Sarah, Do not feel guilty at all. There is a very famous quote from Maya Angelou
that says, “Each time a woman stands up for herself, without knowing it possibly, without claiming it, she stands up for all women.”
Simply by doing what was best for you and standing up for yourself, you stood up for all women. Never ever feel guilty for someone else’s wrong doing towards you or mistreatment of you. If hiring a lawyer was not best for you and your mental and or physical health that that time. That is OK. You fought for women by fighting for you. xo Lauren
I know how you feel. I also understand where your choice was made. My Mother was told by her doctor to abort me because she was extremely high risk. She was almost 39 years old when I was born. Despite the great risk to her life she continued on. I completely understand the choice you made and I’ve actively spent most of my life fighting for your right to make it.
I like you, also feel like I’ve let the women in my life down. I felt an extreme sadness last week and immediately questioned whether I’ve fought hard enough for all of the women I care about most.
I want you to know that I see you. I know how tough this decision has made you and so many other women feel. Despite being a man, take this assurance that I will continue to fight for your right to make decisions about your body. Even if I have to get elected to office I will not stop advocating for you.
Thank you! I read your letter and your mom sounds like a truly brave person. We all have different stories, but it is nice to know that there are people who can sympathize or empathize. Thank you for standing for Women’s Rights. I think in moving forward, we need more men to stand up and say this is wrong and inexcusable. There is much work to be done and we need everyone to be vocal about it. I truly believe that people can change their lives and the lives of others if they keep putting the work in.

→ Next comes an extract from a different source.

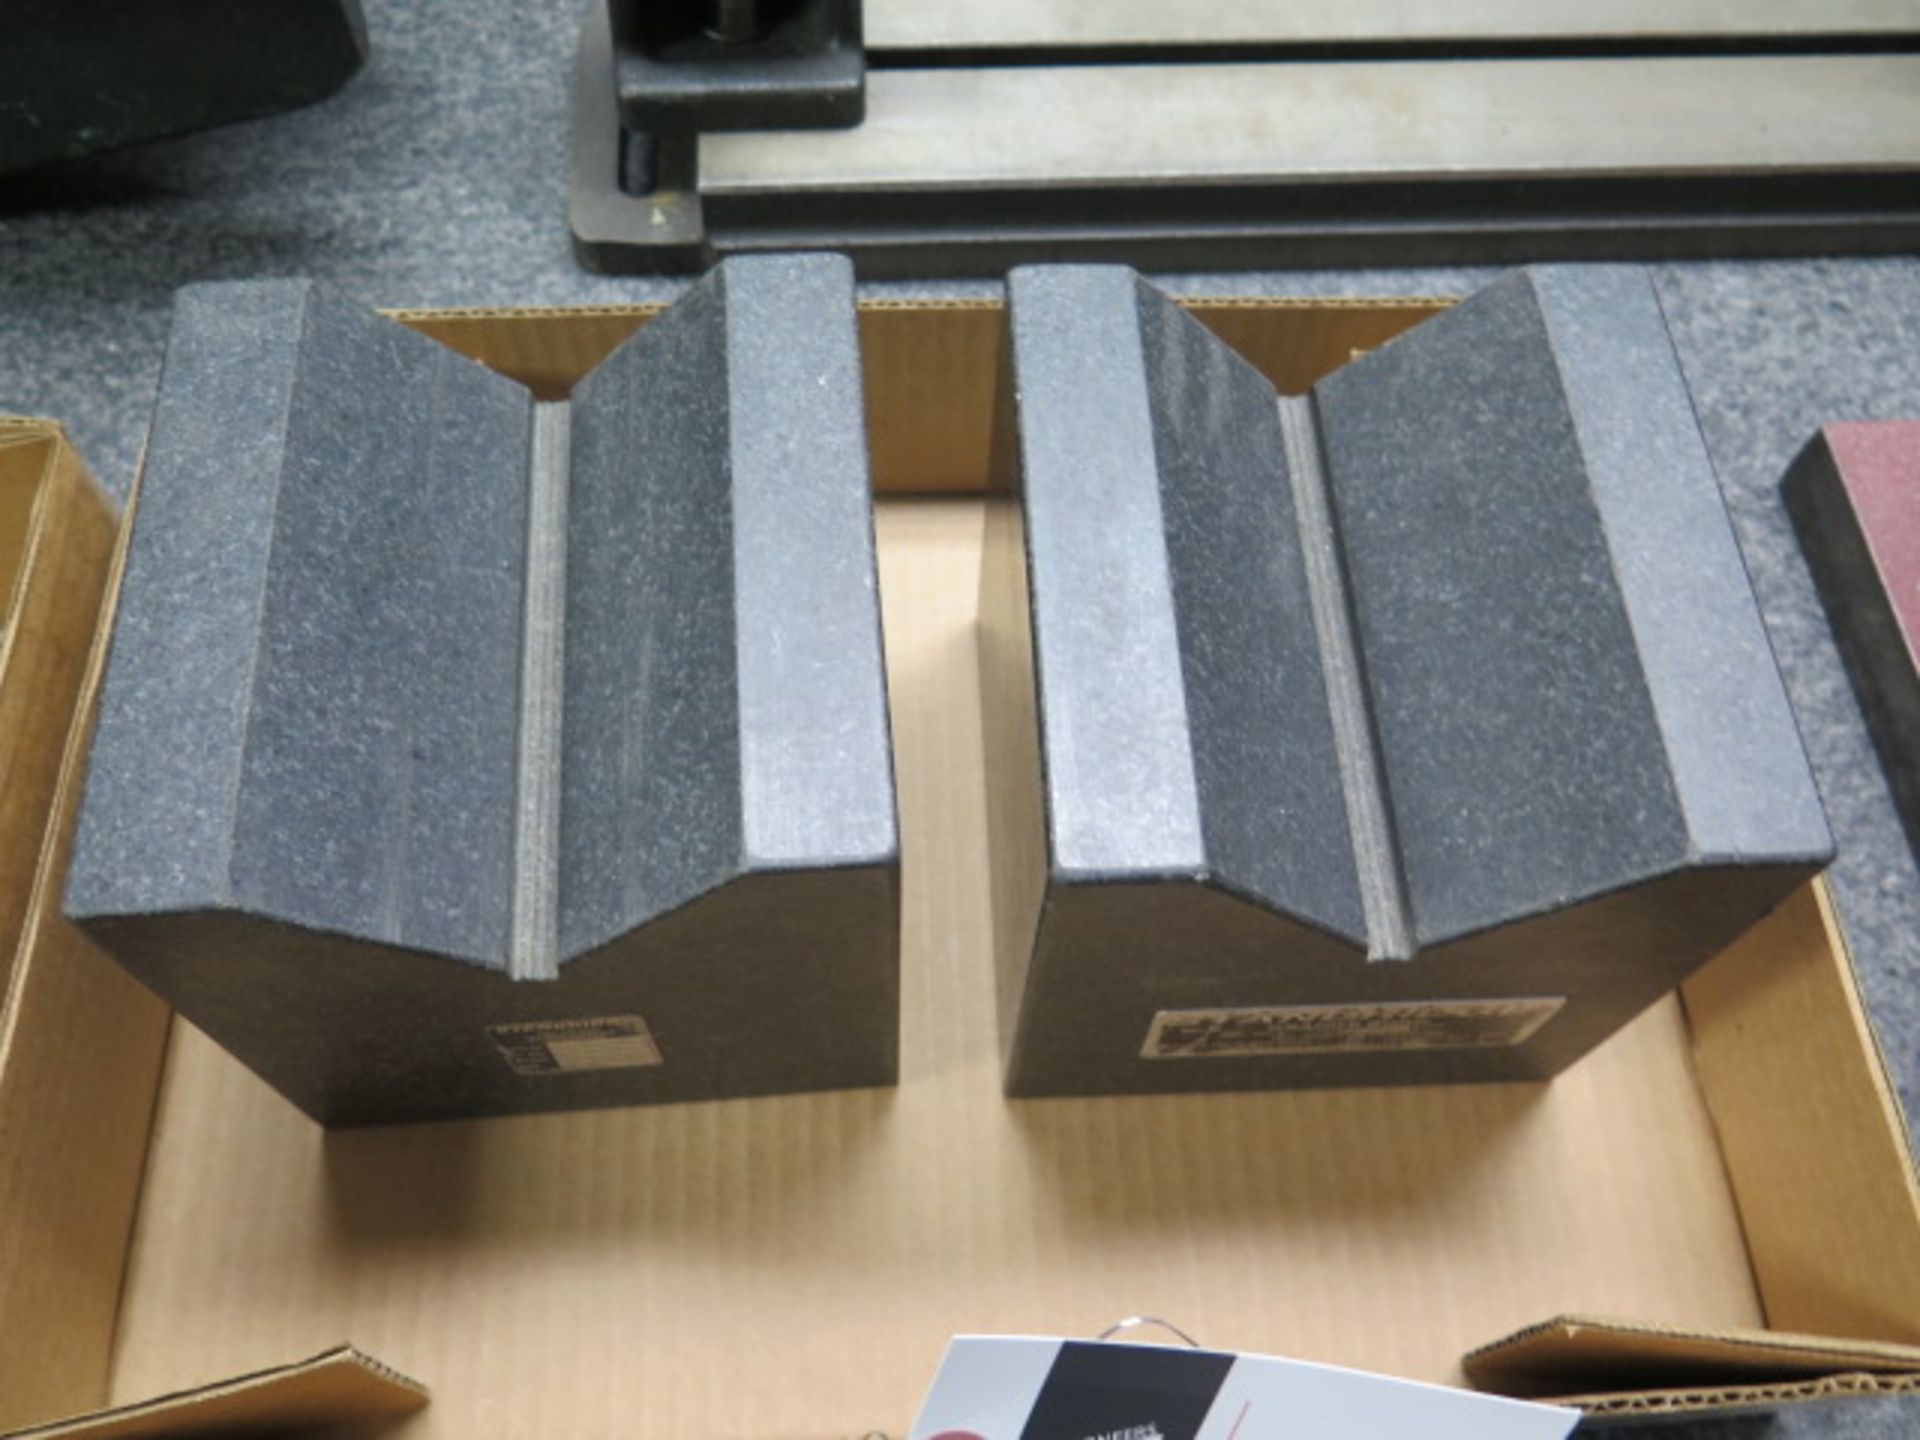 Standridge 6” x 6” x 6” Granite V-Blocks (2) (SOLD AS-IS - NO WARRANTY) - Image 2 of 6

My Mother’s experience catalyzed my view on the issue of abortion. I often wondered what would’ve been had she not survived my birth. My Father would’ve been left with 3 small children. He never finished schooling because he left school to take care of the family farm when my Grandfather had a heart attack. My life may have been lost as well.
I firmly believe this choice should be made by the woman and no one else. My friend had an ectopic pregnancy last year, she nearly died. The overturn of Roe is literally a death sentence for a woman whose pregnancy is ectopic or who has a miscarriage and her body does not release the fetus. What amounts to a bunch of old white men, several of whom have been accused of sexual assault, have ripped that decision from you and every other woman. That is insanity. I can’t allow that to happen. It’s mobilizing the one thing I do better than most. I advocate for others who’s voice is either drowned out, or threatened away. I already cautioned my social media friends that if I saw them cheering this that it would likely lead to at least me ending that friendship. The rights of people are not up for debate. If someone is ok with taking away someone’s rights, they have no space in my life PERIOD.